Aim of the exercise: Exclude the pictures. Transcribe exactly, and only, the lines from the one holding "Interieur Strak Klassiek" to the end of the material below.

Recorded information:
= = = = =

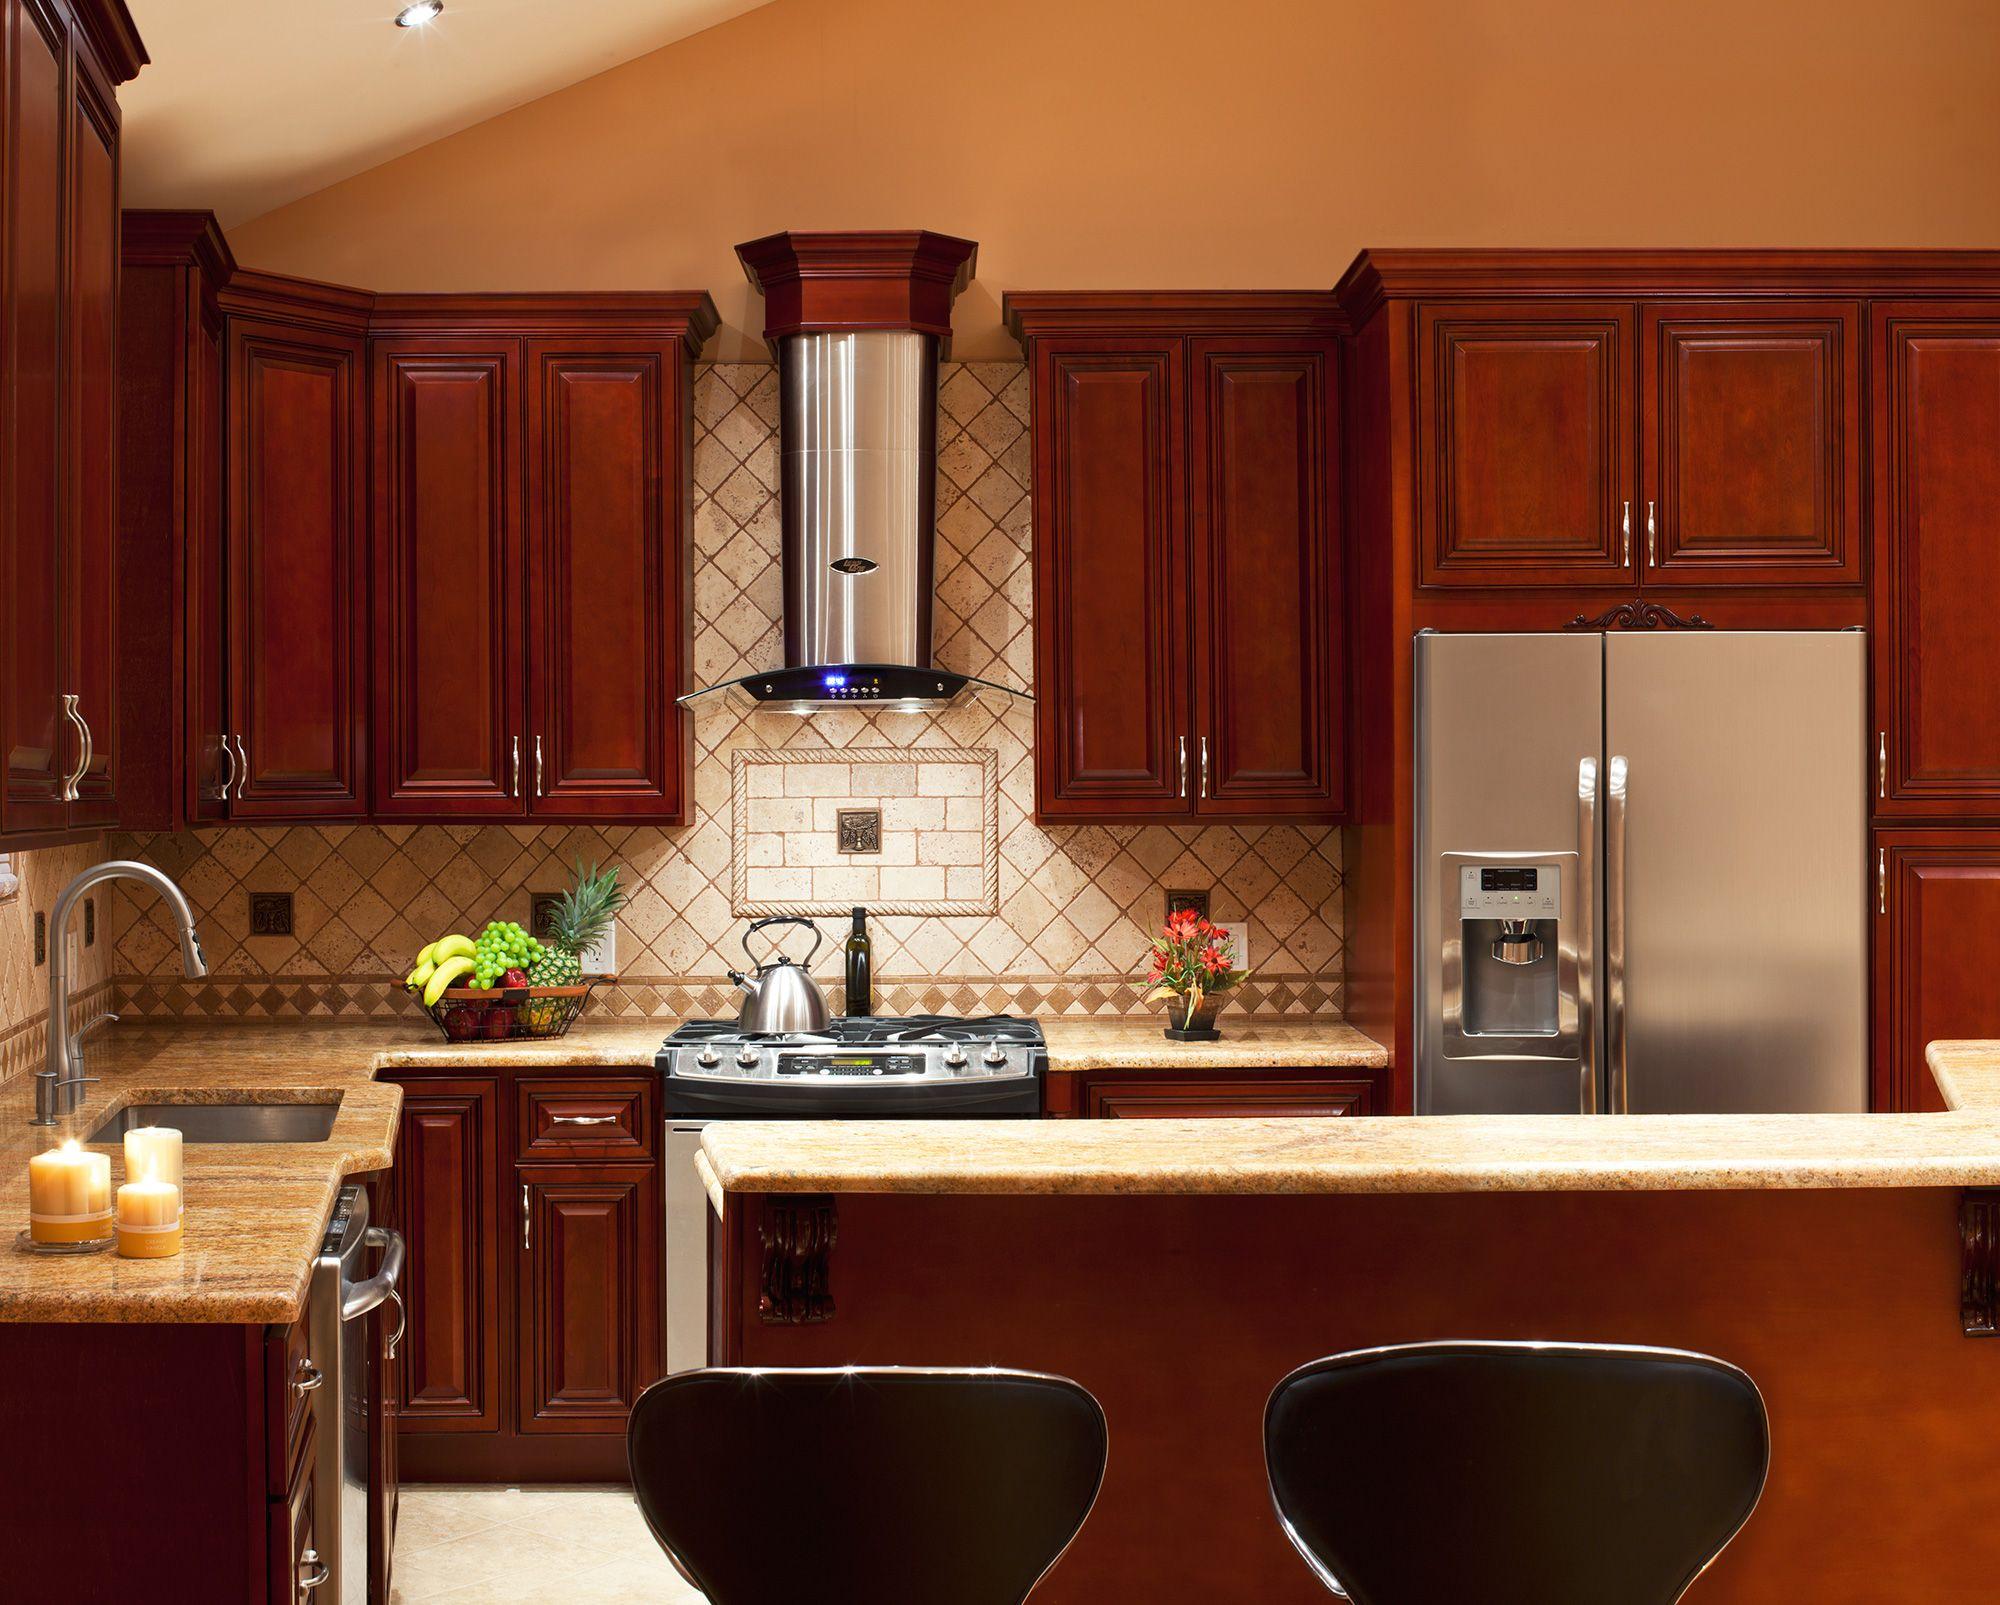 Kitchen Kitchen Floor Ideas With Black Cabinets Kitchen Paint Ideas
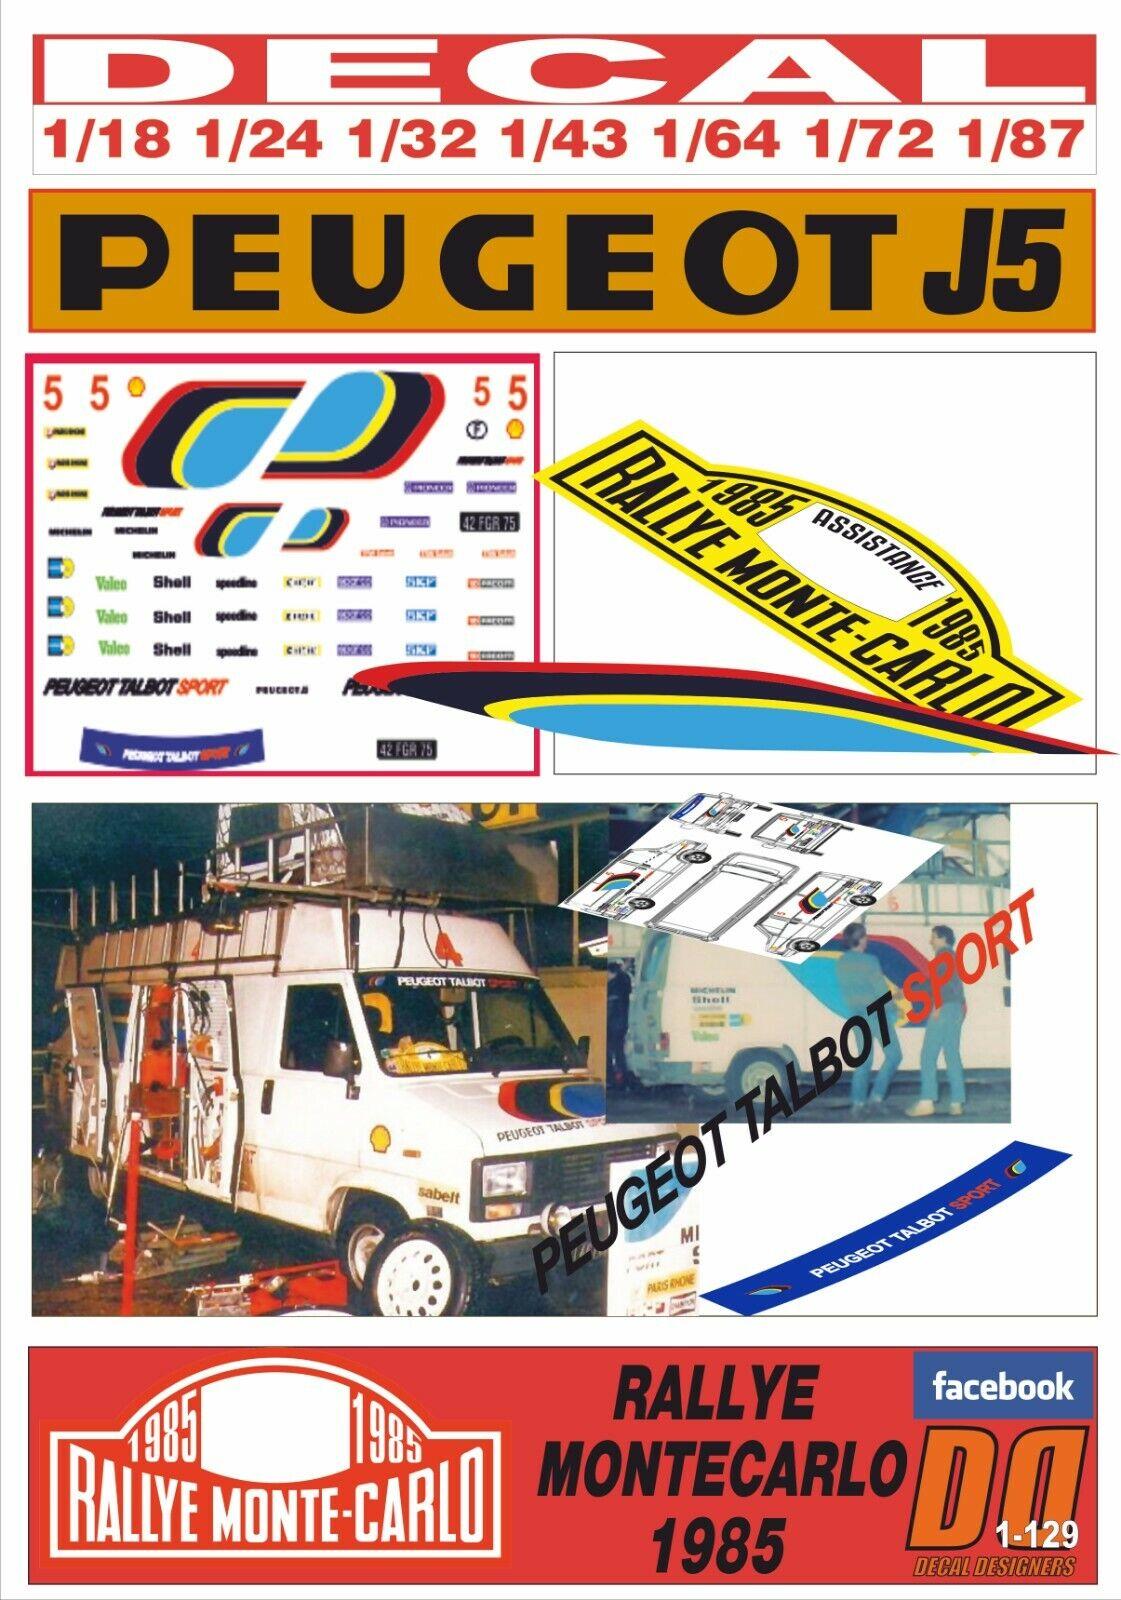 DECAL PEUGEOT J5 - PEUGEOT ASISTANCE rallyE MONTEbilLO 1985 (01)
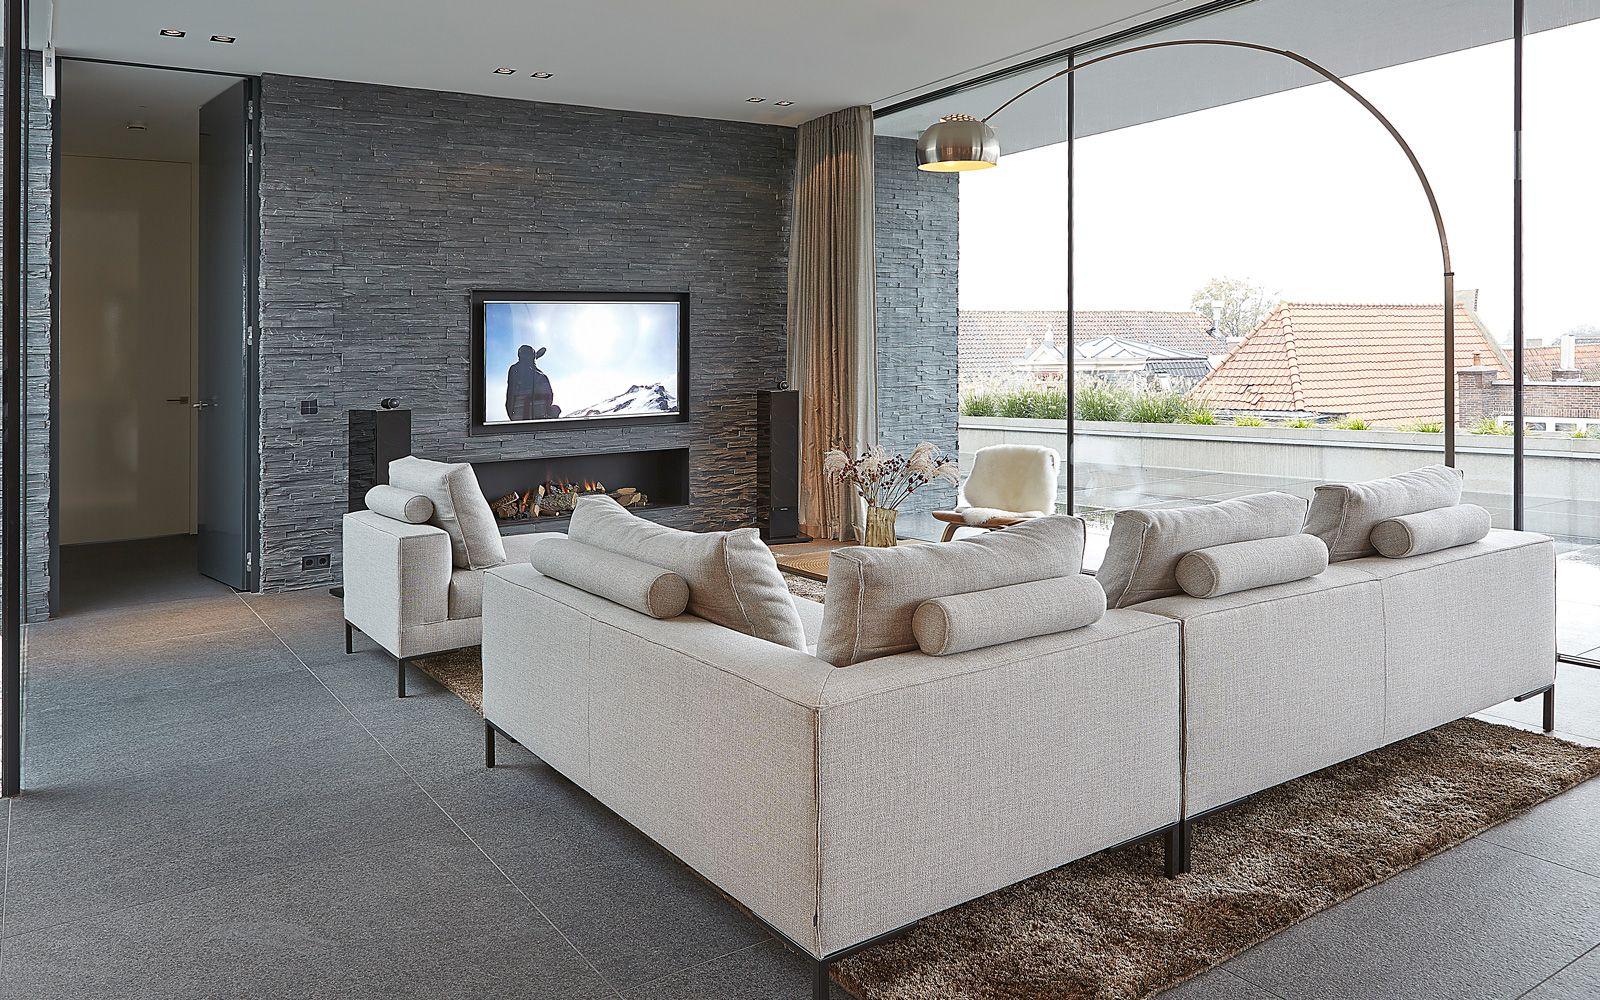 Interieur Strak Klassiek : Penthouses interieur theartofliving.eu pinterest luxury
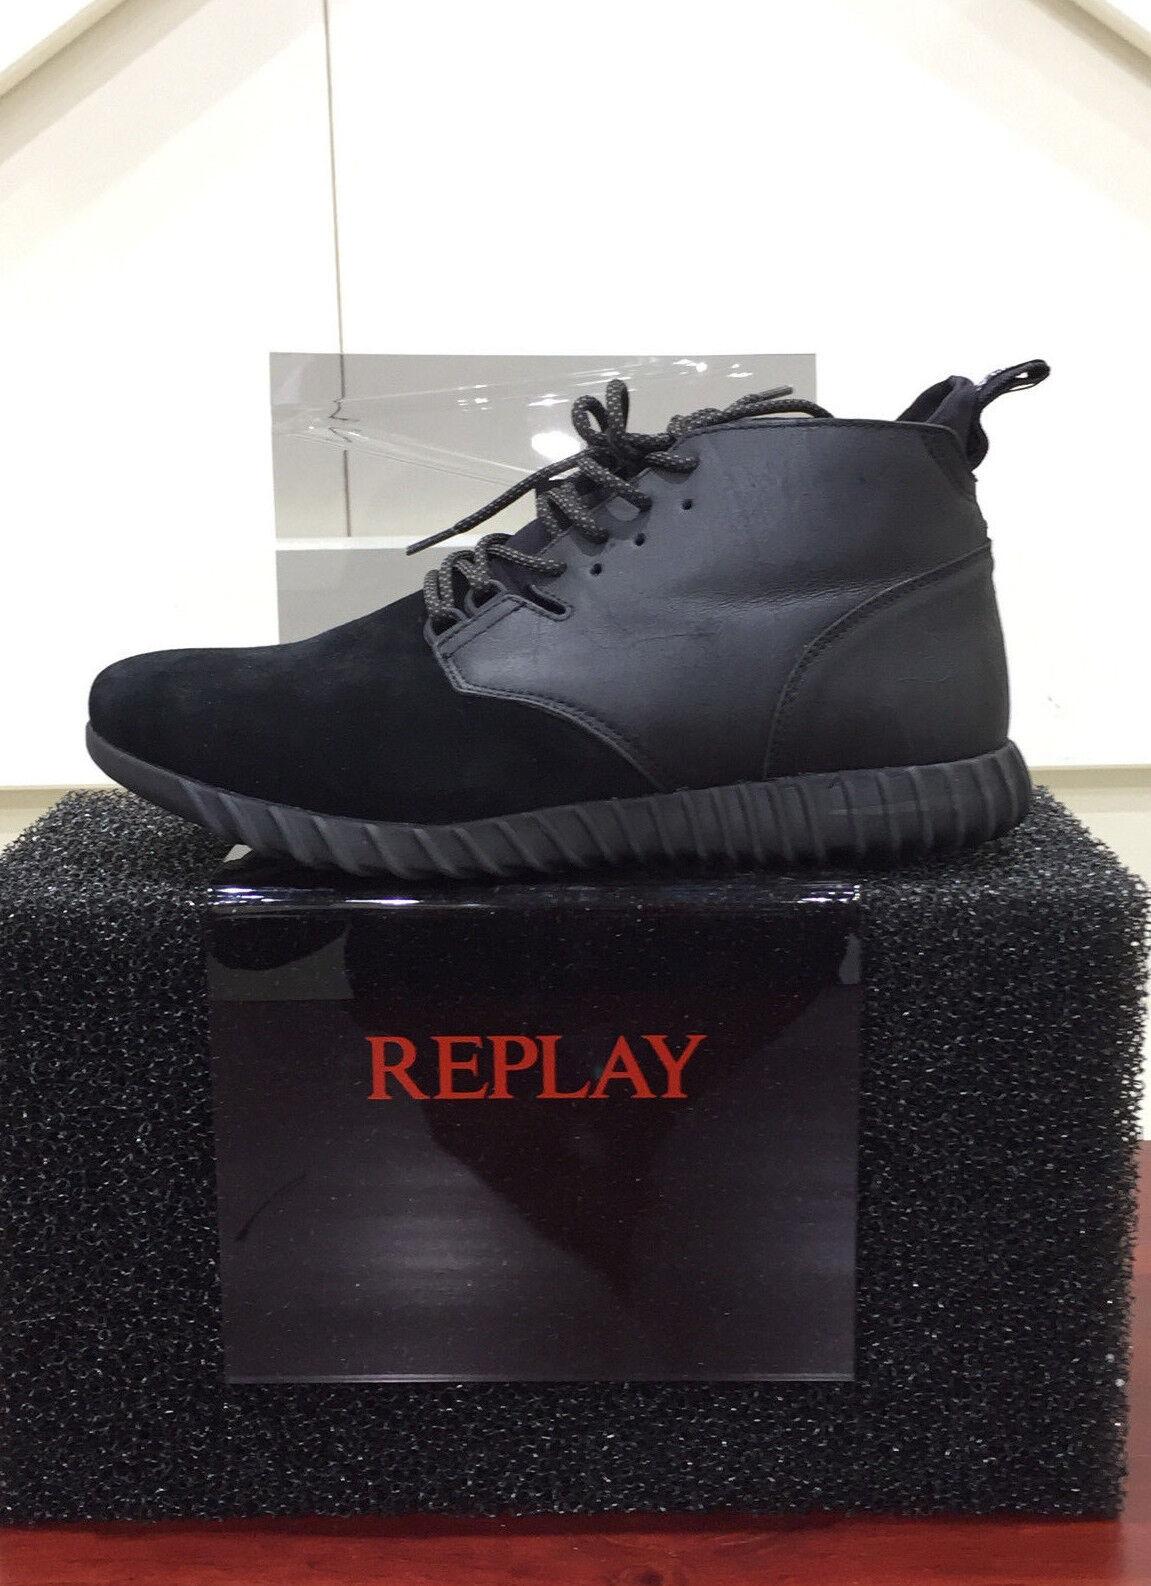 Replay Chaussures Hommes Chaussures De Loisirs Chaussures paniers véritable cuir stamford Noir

= = = = =

Answer section:
 Interieur Strak Klassiek : Penthouses interieur theartofliving.eu pinterest luxury
 Replay Chaussures Hommes Chaussures De Loisirs Chaussures paniers véritable cuir stamford Noir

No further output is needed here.